Джохадзе Мака
Шрифт:
А для мальчика эти тяжкие, эти хватающие за душу минуты, это заледенелое, как труп отца, настоящее существовало лишь постольку, поскольку настоящее было связано с будущим.
За какие-то пять дней Саба так быстро привык к гробу с отцом, покоящемуся на низкой тахте, что был удивлен и обижен, когда высокие и сильные мужчины подняли его на плечи, стукнули его краем об раму окна и по примеру Торникэ в последний раз вдребезги разнесли водянистые стекла.
Саба не садился в машину, вместе с друзьями отца он пешком шел к подъему на кладбище. Медленное течение процессии блаженным колыханием наполняло его тело. С таким же блаженным колыханием всплывал в его памяти душный запах магнолий. По вечерам сломя голову бежали они от серых песочных горок к морю. Жарившийся с утра на солнце песок остывал, словно распластанное животное. Выскочив из воды, они бежали обратно к песочным горкам и в их тепле отогревали чуть продрогшие, покрытые гусиной кожей тела. Как они торопились получить это двойное блаженство! Вода и песок были единственной и безграничной их мечтой и радостью. На безлюдном берегу лишь человека два-три маячили там и тут. Все море и опрокинутое над морем небо принадлежали только им, только им одним, так внезапно разбогатевшим, счастливым и влюбленным друг в друга.
Пристыженная и обеспокоенная равнодушием сына, Цира принялась убирать со стола.
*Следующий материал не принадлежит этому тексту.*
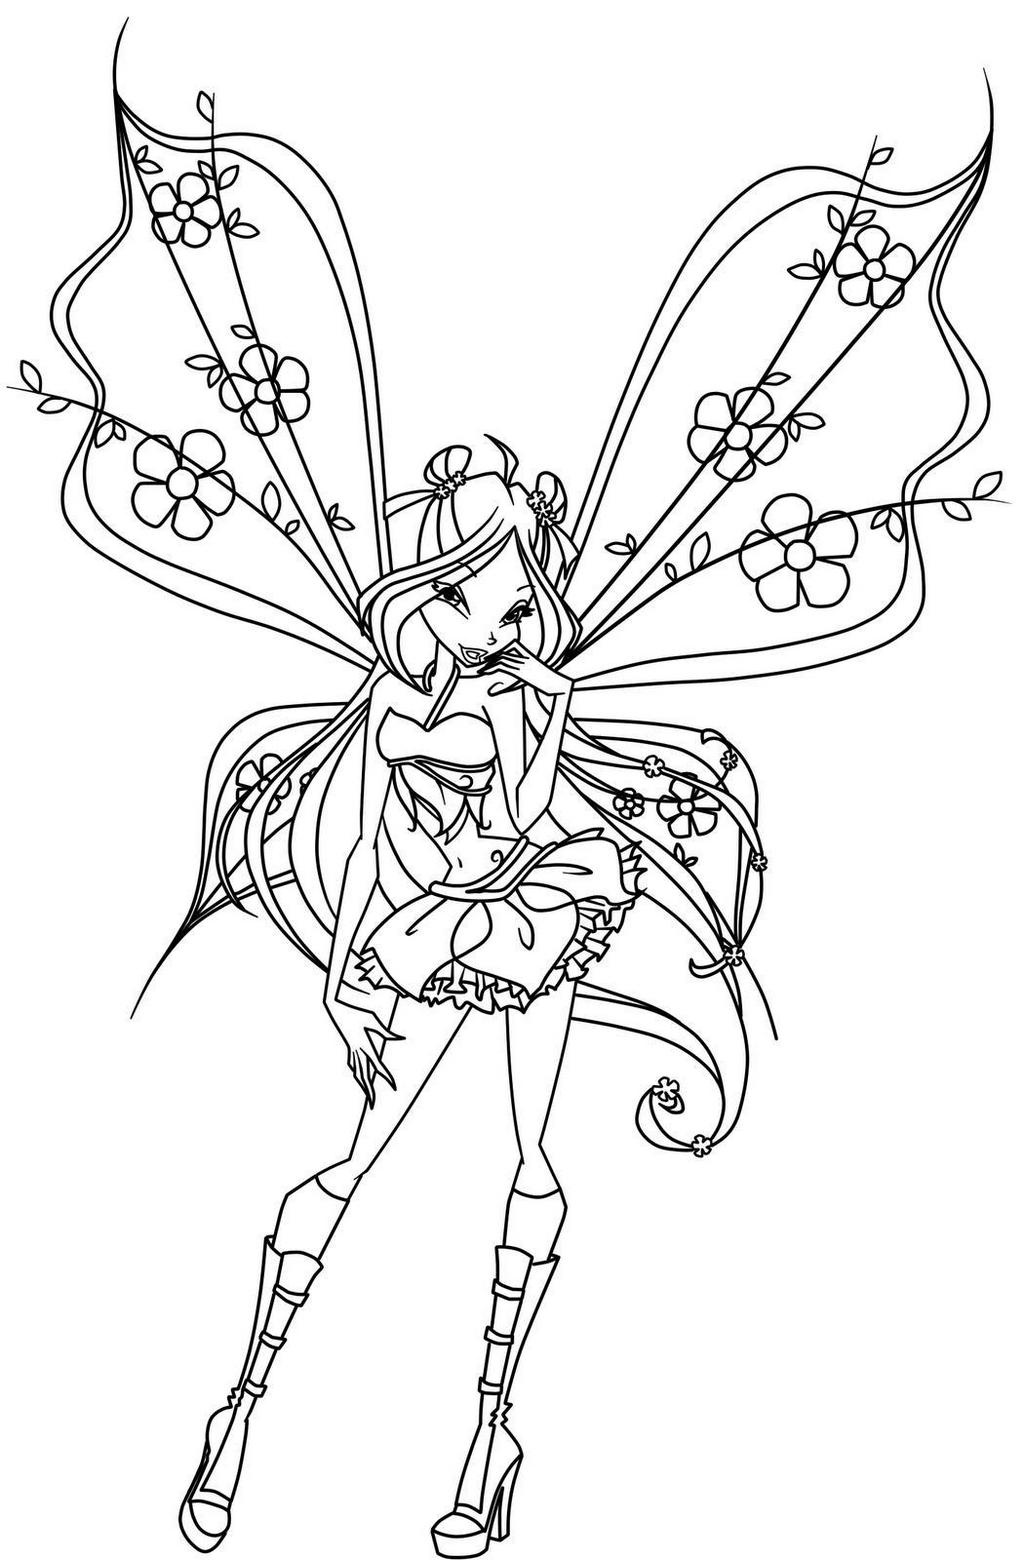 Fantastic Flora the Winx Club Coloring Page

Очнувшись от своих мыслей, Саба отвел взгляд от ее зардевшегося лица, подождал, пока она уберет последнюю тарелку, и вслед торопящейся на кухню матери пустил как пулю деловой вопрос:
— Когда собираешься уходить?
Цире показалось, что чем быстрее она решится, чем быстрее покинет она дом, тем проще и спокойнее завершится дело; женщине показалось еще, что повзрослевшие и почти возмужавшие ее сыновья давно уже ждут ее ухода; ждут, поскольку каждый из них должен строить свою жизнь. Где-то, в какой-то точке земли непоседливым двум девушкам не терпится выйти из круга и пуститься в путь. Путь их кончится у порога ее дома, и не сегодня, так завтра постучатся они в дверь. Не смущаясь, переступят порог. За дверью, подобно неизношенной одежде, останется их безобидный нрав. А дома, в четырех стенах, начнет вершиться круто замешенная на заботах и бессчетных житейских мелочах их женская судьба.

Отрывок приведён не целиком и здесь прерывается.